To illustrate why, Lerchen sketches the structure of a conjugate: antibody – linker – drug. Each of the three components of the conjugate presents chemical and biological challenges. As lung tumor cells have a different surface structure than those of breast cancer cells, the researchers have to adjust their antibodies accordingly, while taking care to ensure that the payload of the linker and the active ingredient do not impair the antibody’s ability to dock onto the target. So it is a complex matter. But that’s not all. The linker-drug chemistry that Lerchen and his team are developing must meet two critical demands. The linker, as the element that connects the antibody and the active ingredient, must remain stable in the blood circulation, as otherwise the cell toxin could be released too soon. At the same time, however, it must be able to be cleaved later inside the lysosomes within the tumor cells so that the cell toxin can exert its action there.

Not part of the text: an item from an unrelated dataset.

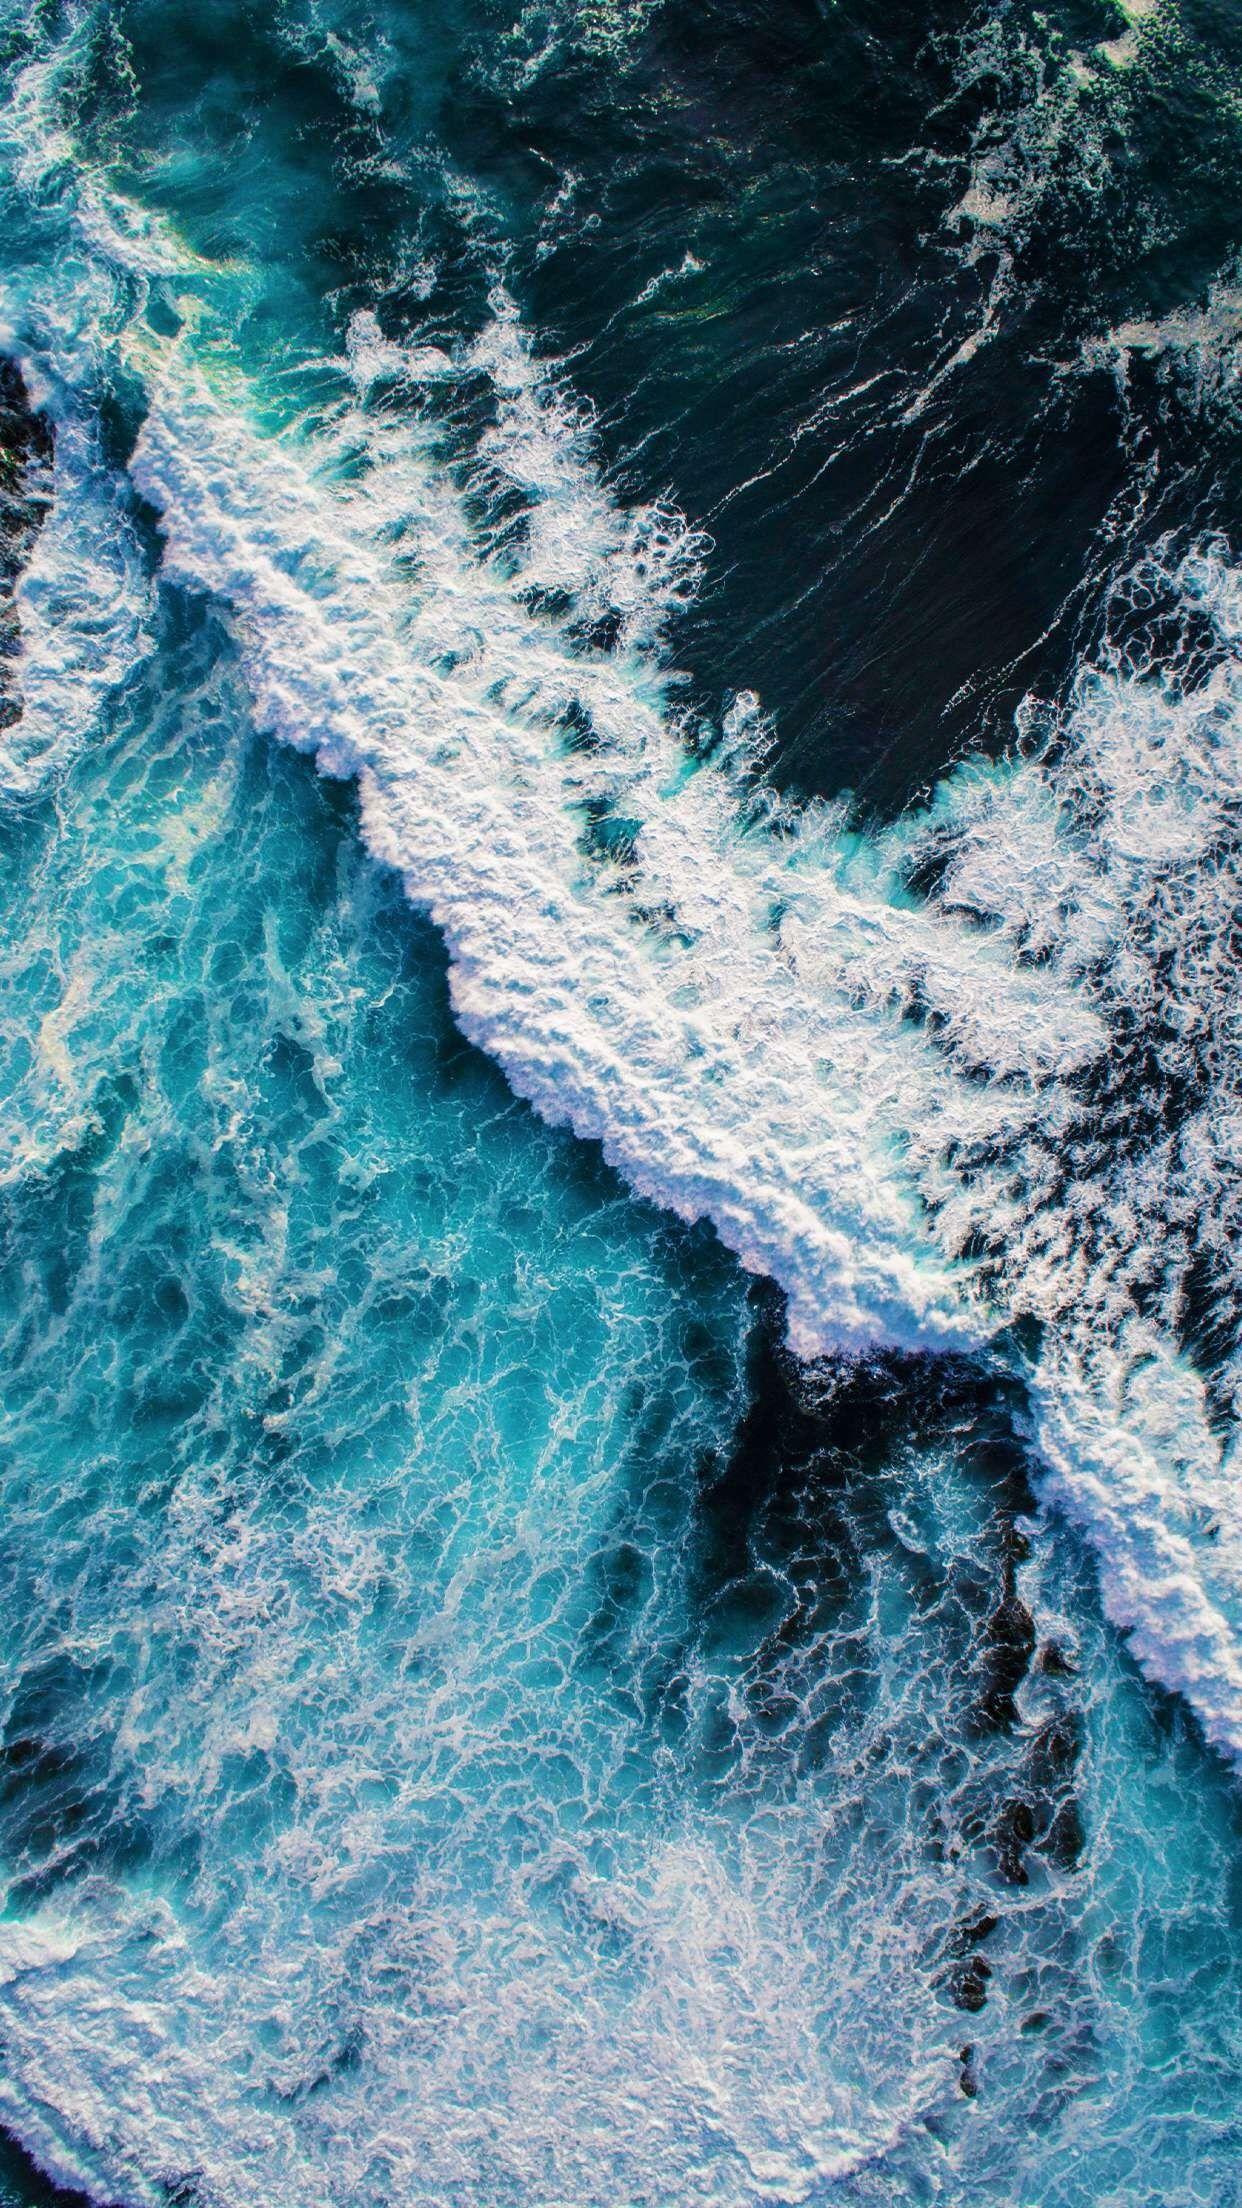 Breathtaking Ocean wallpaper, Iphone background

I’m a keen chemist, but what I find even more fascinating is understanding the biological processes and intervening in
them with chemical molecules.
It is a very fine line and the solution can be completely different in two different ADCs depending on the type of tumor and the target in question – every new conjugate is so to speak custom-made.
Lerchen explains such complex issues vividly and patiently, which may also be a testament to his old chemistry teacher, of whom the 57-year-old has fond memories. “He was the one who inspired me to go into chemistry. And my parents always supported this path, which began when we set up a chemistry laboratory in our basement,” says Lerchen. What fascinated him then and continues to fascinate him to this day? “Encountering new things. Discovering something that nobody has ever done before and that will help mankind.” The conventional academic career of a university professor was something that the native of Germany’s Rhineland area was reluctant to pursue. He took a deliberate decision to work in industry, “because here we work on projects that are more likely to benefit the patients in the end.” The intermeshing of different disciplines and close collaboration with experts from different areas of expertise is what he likes best about his job. “I’m a keen chemist, but what I find even more fascinating is understanding the biological processes and intervening in them with chemical molecules.” Lerchen has been conducting research at Bayer since 1988.
It will take some time until the most recent projects by Lerchen and his colleagues are ready to be marketed. Their ADC projects are all at different stages of development. Research in this complex field is fraught with setbacks. “A relaxed attitude, a degree of enjoyment and team spirit can make all the difference in this job,” says Lerchen. His unshakable optimism – another essential asset! – is founded on the support he receives from his family and from his belief. The father of four and family man also finds relaxation in sport - he used to play handball, and now cycles and skis, and also plays in a soccer team for fun. His favorite soccer team is FC Cologne. “So I’m used to setbacks,” he laughs, although his team delivered plenty of reason for optimism last season. And when things aren’t going so well in the soccer stadium or the laboratory, he can always hold on to the Rhinelander’s motto: “Et hätt noch emmer joot jejange,” which translates roughly as “It has always worked out in the end.”